The power of such arguments is unquestionable, since for example, all citizens would either be supporters of that Prince or not supporters, he shows that for either case the act of being present is beneficial. The juxtaposition of contrasting words like love and fear, are also one of his trademarks. That is not to say of course, that all of The Prince's arguments are therefore logically unquestionable. Taking the above quote, several things are assumed, and may or may not be so. Could a Prince commit more offenses to people while being present in that province, thus decreasing those subjects which were supporters? Could those who fear the Prince or are not supporters, harm him less if he is not present than if he is?  However, as Machiavelli's ink flows in the logical ladder towards his coldly efficient conclusions, the reader cannot help but feel how well the author knows human nature. He once wrote that Priests.
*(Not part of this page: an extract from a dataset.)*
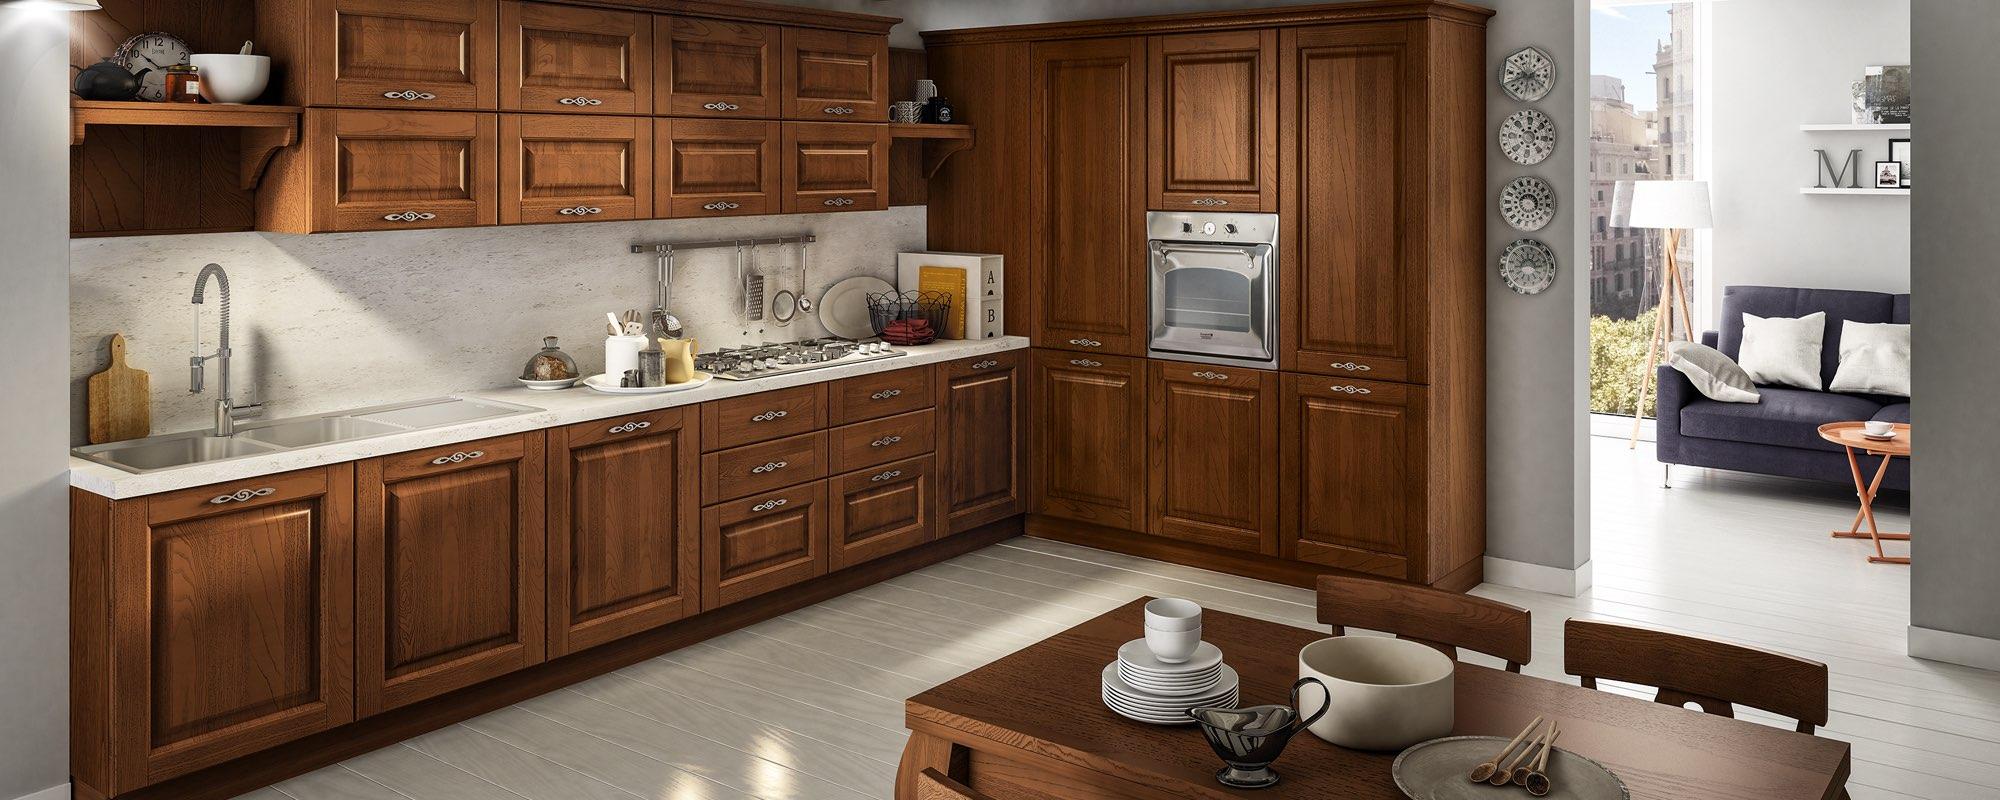 stosa-cucine-classiche-saturnia-cagliari-11 | Cucine ...

            To see what true opinions of Machiavelli are contained within The Prince, one must see that there may in fact be not many in the sense, of what he may condone or not. The reader can quickly begin to see that the book is empirically stating patterns of political occurrences, and not condoning much, at least at first. Chapter III (pg 81) speaks of France having taken and lost Milan twice and the mistakes that her Prince had committed. If anything is clear by reading Machiavelli, is that the last thing he wants is the French infantry (that he respected) controlling the Italian soil. This is something that would have been obvious to the contemporary Italian reader, and of course, the less Magnificent Lorenzo. So when Machiavelli, the political scientist, writes in his famous treatise about one or another's mistake, gain, loss, victory, defeat, prudence and perhaps even virtu, one must see that he is talking about it from an objective perspective and commenting on the methodology of the ruler(s) in relation to keeping and expanding power. This is exactly what The Prince is meant to be, a handbook for power.

 


Bibliography (work in progress)

1. Machiavelli, Niccolo.  The Portable Machiavelli. Trans. Peter Bondanella, Mark Musa. New York; Penguin, 1979.
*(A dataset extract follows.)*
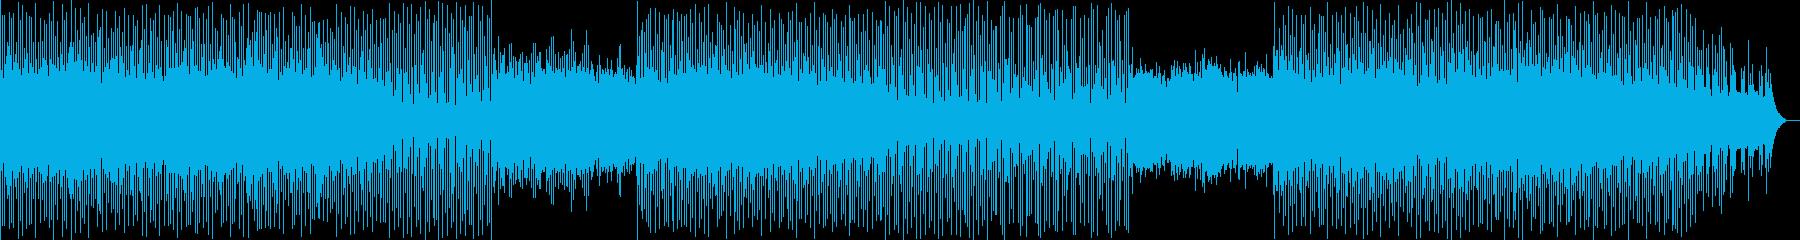 神秘的で綺麗なメロディーの再生済みの波形

2. Machiavelli, Niccolo. Machiavelli And His Friends: Their Personal Correspondence. Trans. James B. Atkinson, David Sices. Illinois; Northern Illinois University Press, 1996.



[1] A document found by the Medici in the hands of a conspirator, Paolo Boscoli, included Machiavelli's name, but there is little proof that he had either attempted or planned to attempt any sort of conspiracy against the Medici (Atkinson and Sices 218).

[2] Machiavelli originally wanted to dedicate the work to Guliano de’ Medici, but due to his sudden death in 1516, changed the dedication to Lorenzo II de’ Medici, Duke of Urbino (Bondanelle and Musa 77).

[3] Atkinson and Sices overlook Guiliano’s death and argue that Machiavelli changed his mind due to Lorenzo’s more military character.

[4] Atkinson and Sices not ea sonnet Machiavelli sent to Guliano de’ Medici as a sign of gratitude for his release (218).

[5] Of course, Machiavelli speaks of knowing both the people and the princes in his work. In fact, his point is that they are the same in nature.